The July / August issue of InPublishing magazine was published last week. Here are some of my takeaways from it, one from each article:
- Proud to be second: For a weekly like the Observer, being a second read and a place where people come to make sense of the news is a good place to be, rather than forever chasing breaking news. (H/t Rich Furness)
- Reaching the under 35s: Publishers need to make it super-easy for their editorial teams to create multi-media content, as Immediate Media has done with its new state-of-the-art test kitchen. (H/t Lily Barclay)

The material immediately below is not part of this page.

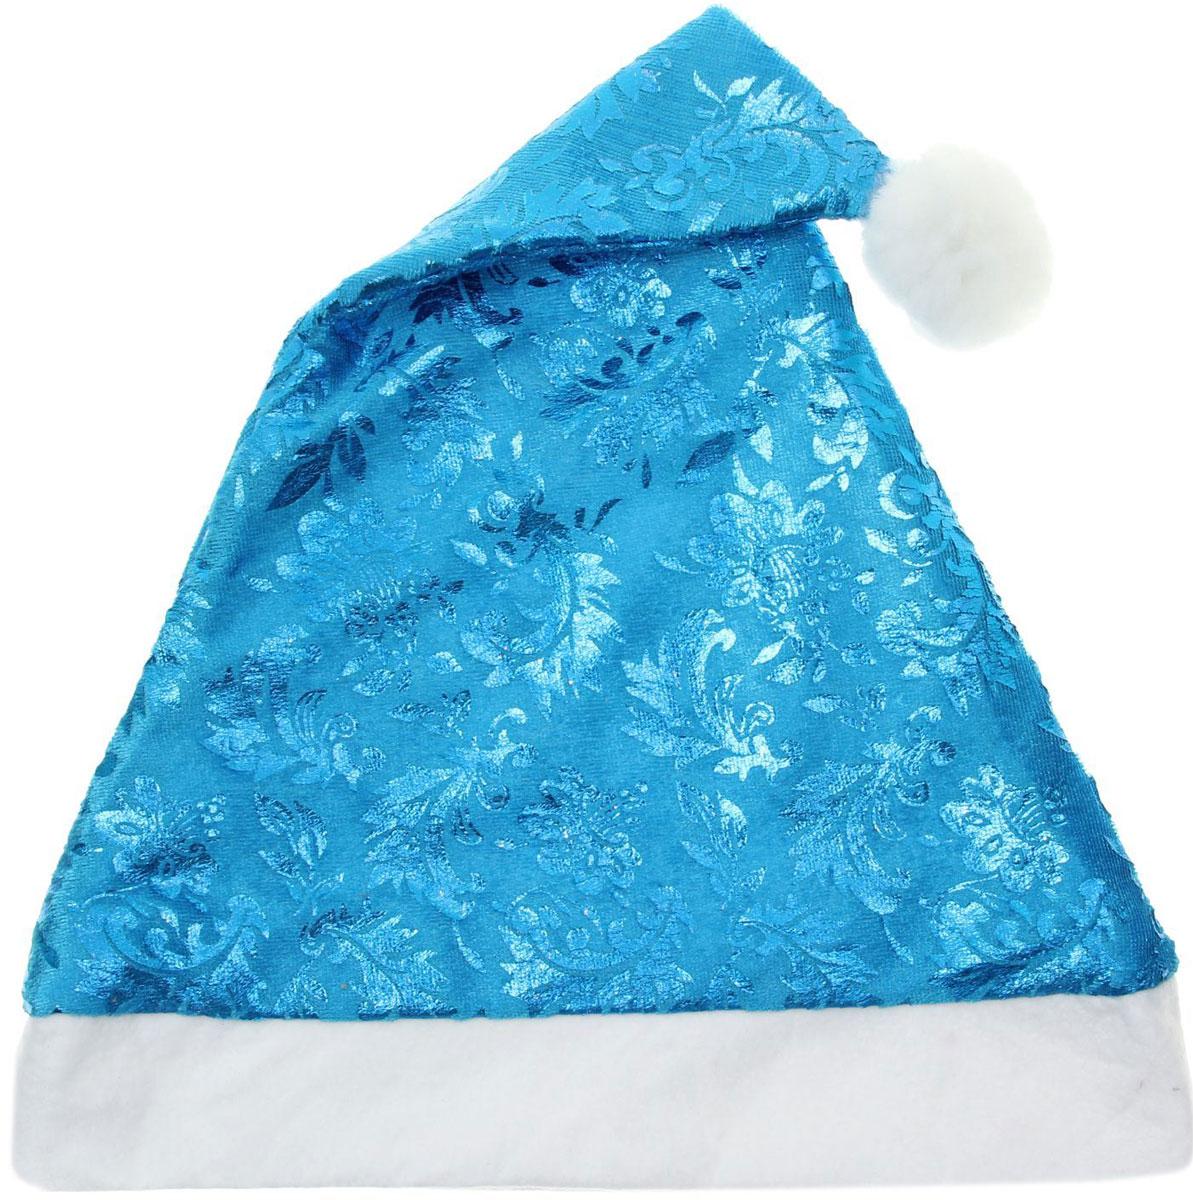 Колпак новогодний Зимние узоры, цвет: синий, 28 х 40 см. 13906431390643Поддайтесь новогоднему веселью на полную катушку! Забавный колпак в секунду создаст праздничное настроение, будь то поздравление ребятишек или вечеринка с друзьями. Размер изделия универсальный: аксессуар подойдет как для ребенка, так и для взрослого. А мягкий текстиль позволит носить колпак с комфортом на протяжении всей новогодней ночи.

- Paying interns: By limiting entry to the publishing industry to those who can afford to house and feed themselves while they work for nothing to gain the experience they need for a compelling CV, we are creating invisible barriers for those without access to the bank of mum and dad. (H/t Sue Brooks)
- AI ethics: Using AI to create images that we normally would have contracted a human photographer to take might stick in the craw, but using it in place of photographs that haven’t been taken yet because the subject doesn’t yet exist… that’s excusable. (H/t Dickon Ross)
- Customer service: Great customer service builds the brand, poor customer service damages it – just look at Trustpilot to see what happens when publishers get customer service wrong, by for instance, making it nigh-on impossible to either cancel or speak to someone. (H/t Adam Sherman)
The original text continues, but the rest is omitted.